Sometimes, I do put my feelings first and then I see the hurt in the eyes of my loves ones and I regret my actions. I realize that, for me, putting myself first is painful if it means hurting someone I love.

Then there are the times we hurt someone without knowing. That’s the thing I worry about. What can I do to be sure that I don’t hurt someone by disregarding their feelings?

I’ve been thinking a lot about feelings and how we all have to balance our feelings with the feelings of all those around us. Those we know and love and even those we don’t know or even like. It’s that delicate balance that keeps us civilized. But sometimes, it’s exhausting.

Grieving

How does one deal with the loss of someone who holds a huge part of your heart? What do you do with the time spent with the person you shared so much time with? Where do you find the comfort, the laughs, the common memories? How do you learn to live in a world where they no longer live?

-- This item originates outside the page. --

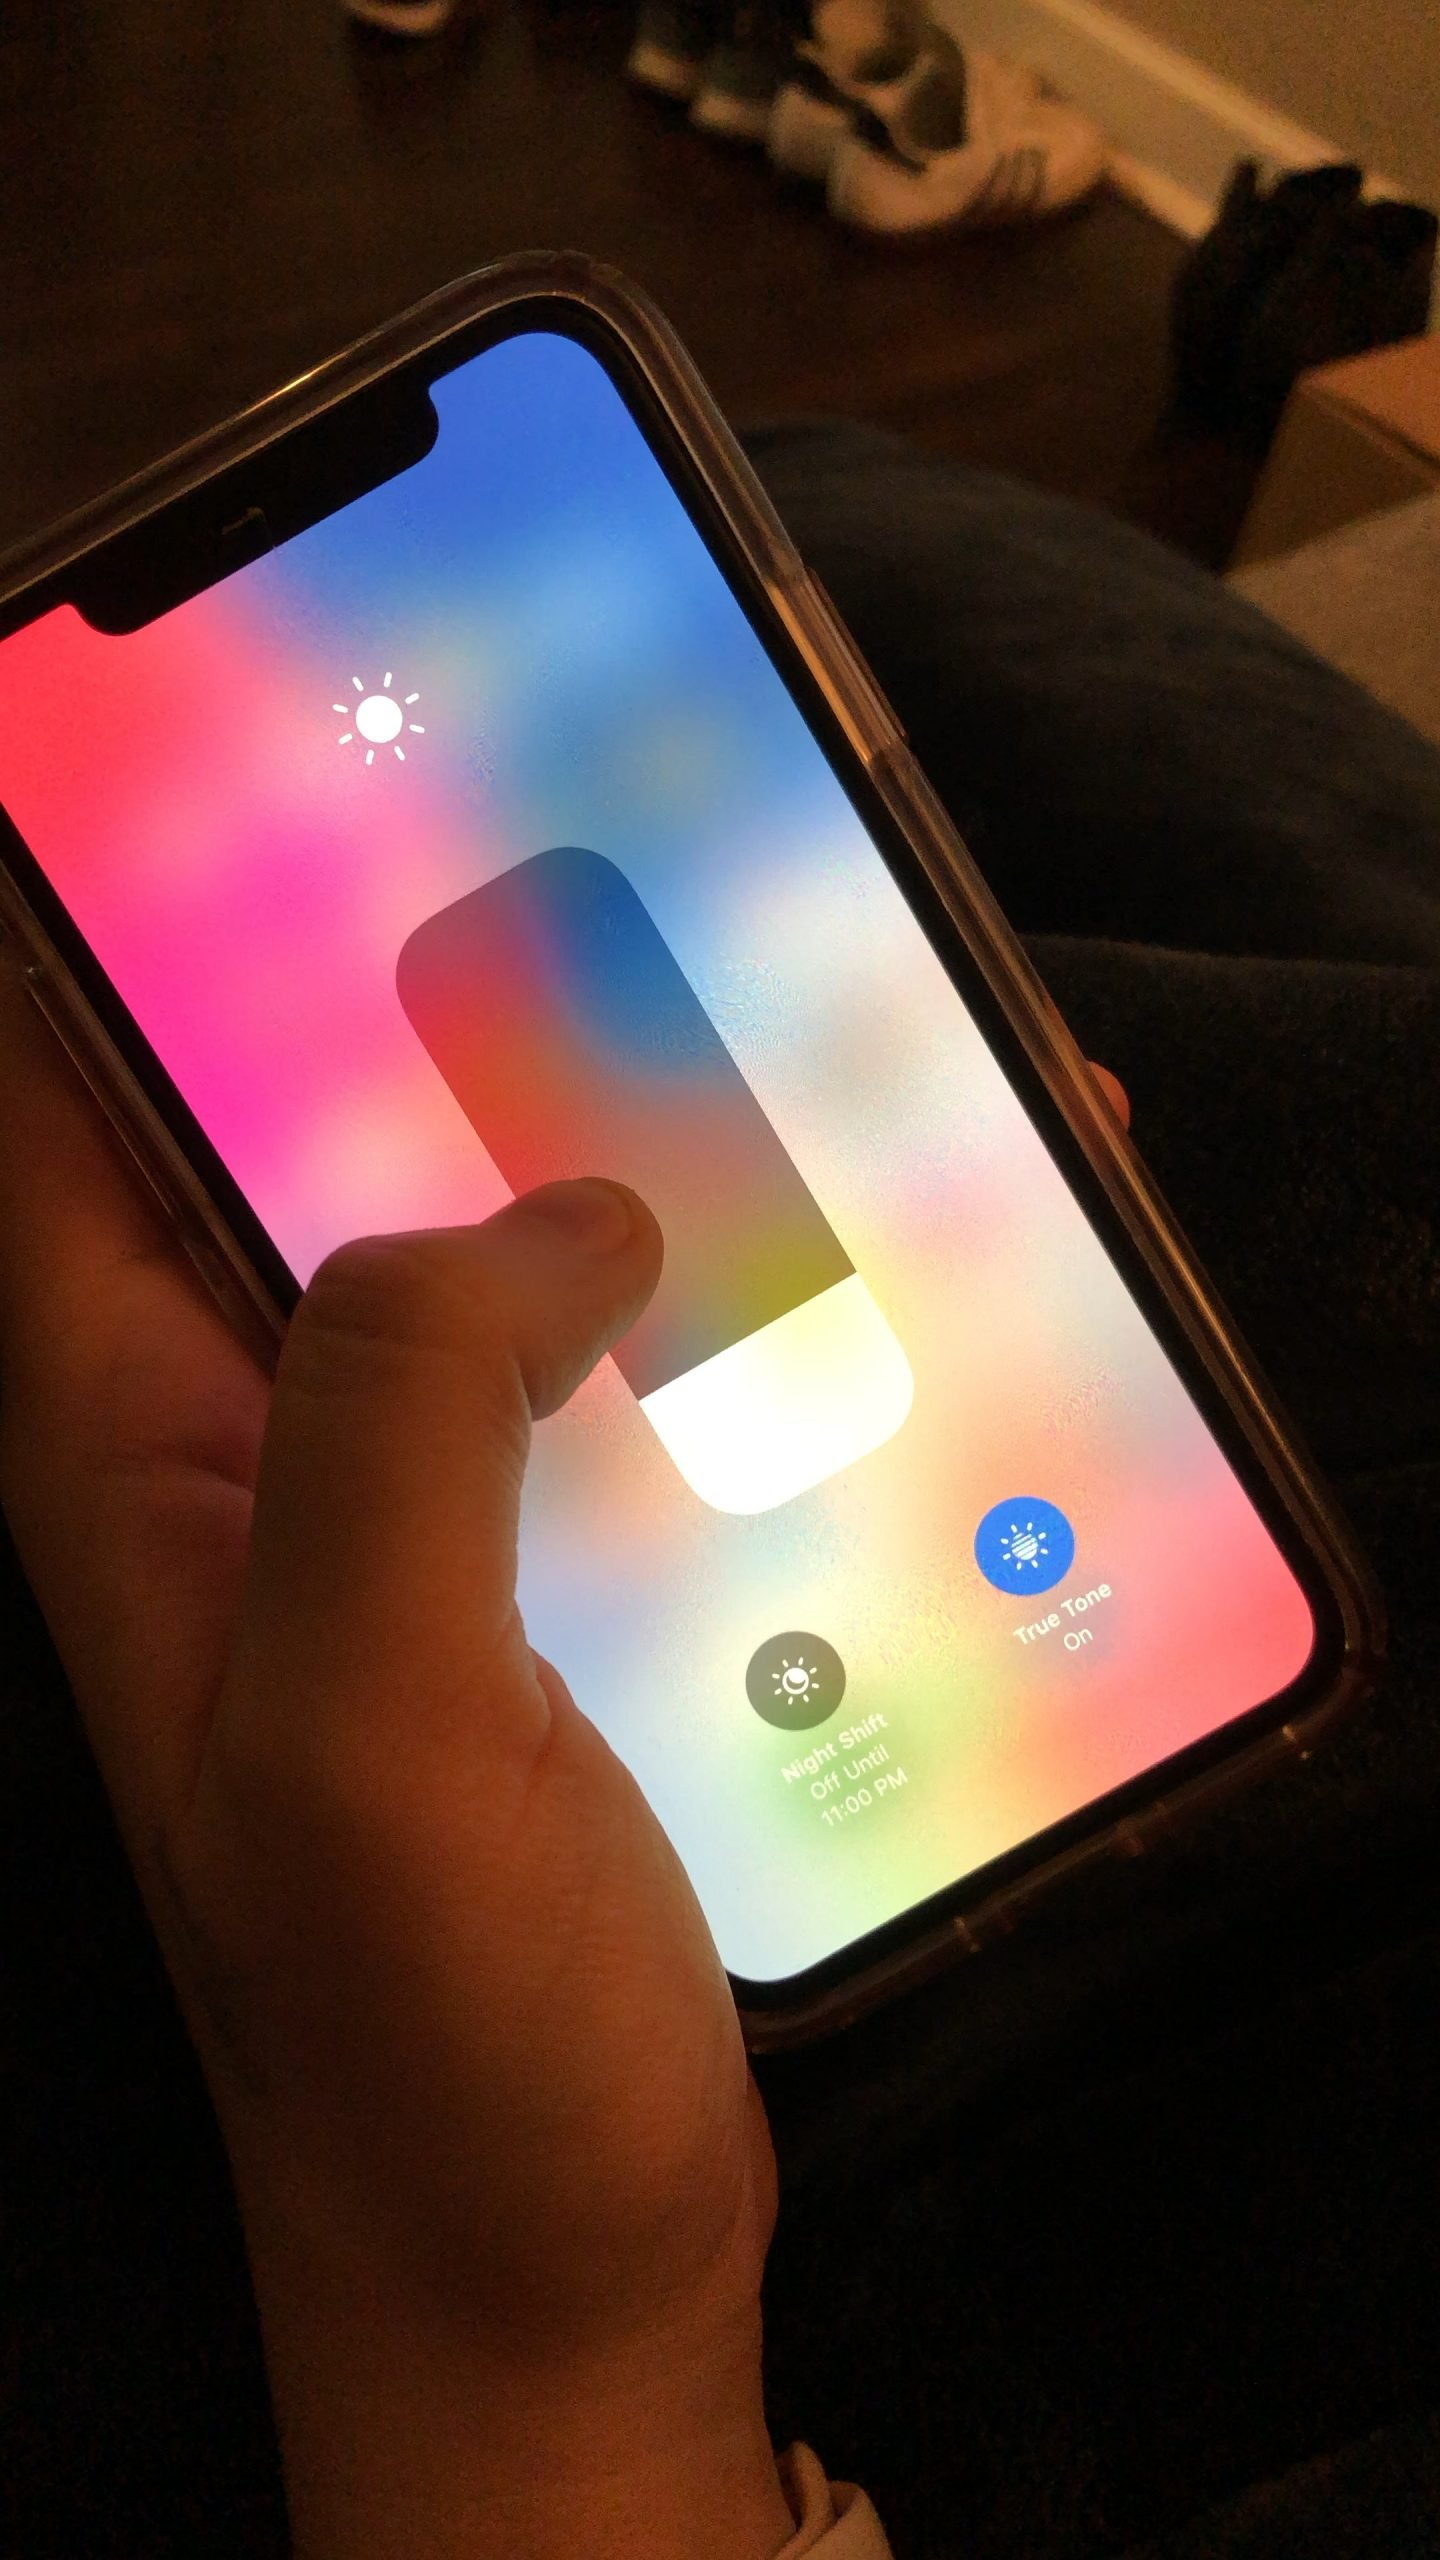 Weird IPhone X Glitch creates a green screen? : iPhoneX

I recently lost a man who is so dear to me that I don’t know the words to express the loss. Many people around me are feeling the same or even much deeper loss. The man was a giver. He never met a stranger. He gave of himself to all those he met.

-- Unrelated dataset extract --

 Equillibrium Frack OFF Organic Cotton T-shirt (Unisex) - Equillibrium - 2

He was a man who came from neglect and scarcity. He was not showered with material gifts, nurturing, or love. He spent time in an orphanage and a boys’ school. After graduation, he was drafted into the army and served in the Korean War. He was severely wounded when his patrol unit was ambushed, managed to rescue himself and a fellow soldier, and was saved by a MASH unit. He rehabilitated in Japan and returned to the U.S. He was then called to serve in the Ministry and after graduating from Lynchburg College went to Duke Divinity School to become a Methodist Minister.

This man who had suffered so much became a man of so much love and generosity that you could tell he was filled with Christian spirit as soon as you met him.

He loved animals, especially dogs. He loved to walk any dog he could. He walked our dog as long as we had her. He would come over every week and take her out. When we were out of town, she stayed with him. He loved that she was his shadow for the whole time. If he didn’t have her, he went out in the neighborhood and found a dog to walk. He just loved having a dog companion to share his time with. Since he couldn’t have a dog at home, he became attached to his cats. They were dear to him. He spoiled them completely. He was always in trouble for sneaking treats to them but he didn’t care. He did it anyway because he loved them so much.

He loved his friends. Time spent with friends filled him with joy. To share a laugh and conversation gave him energy and pleasure. He held on to his friends for years and years. Friendship was a gift he treasured and guarded carefully. He taught his children to love and value friendship.

He loved his family. Perhaps most of all. He loved and admired his wife of nearly sixty-five years. He was grateful for her love and support throughout his career. He treasured the memories they shared as they raised their children, traveled, and built a beautiful life together. He loved his children. He was proud of them and the adults they had become. He was happy to have close relationships with each of them and happy to see the close relationship they have with one another. He loved his grandchildren and great-grandchildren and was grateful to have so many loving family members around him.

He loved his church and God. He was filled with faith and that was clear in all he did. With him you could find calm and peace. He provided guidance and wisdom. So many people came to him for his counsel. The spirit of God shone in him and provided comfort through him.

This man welcomed me into his family like a real daughter. He supported me and comforted me when I needed it. He teased me and pestered me as I did him. He shared his feelings with me and I shared mine with him. He was my safe port in any storm.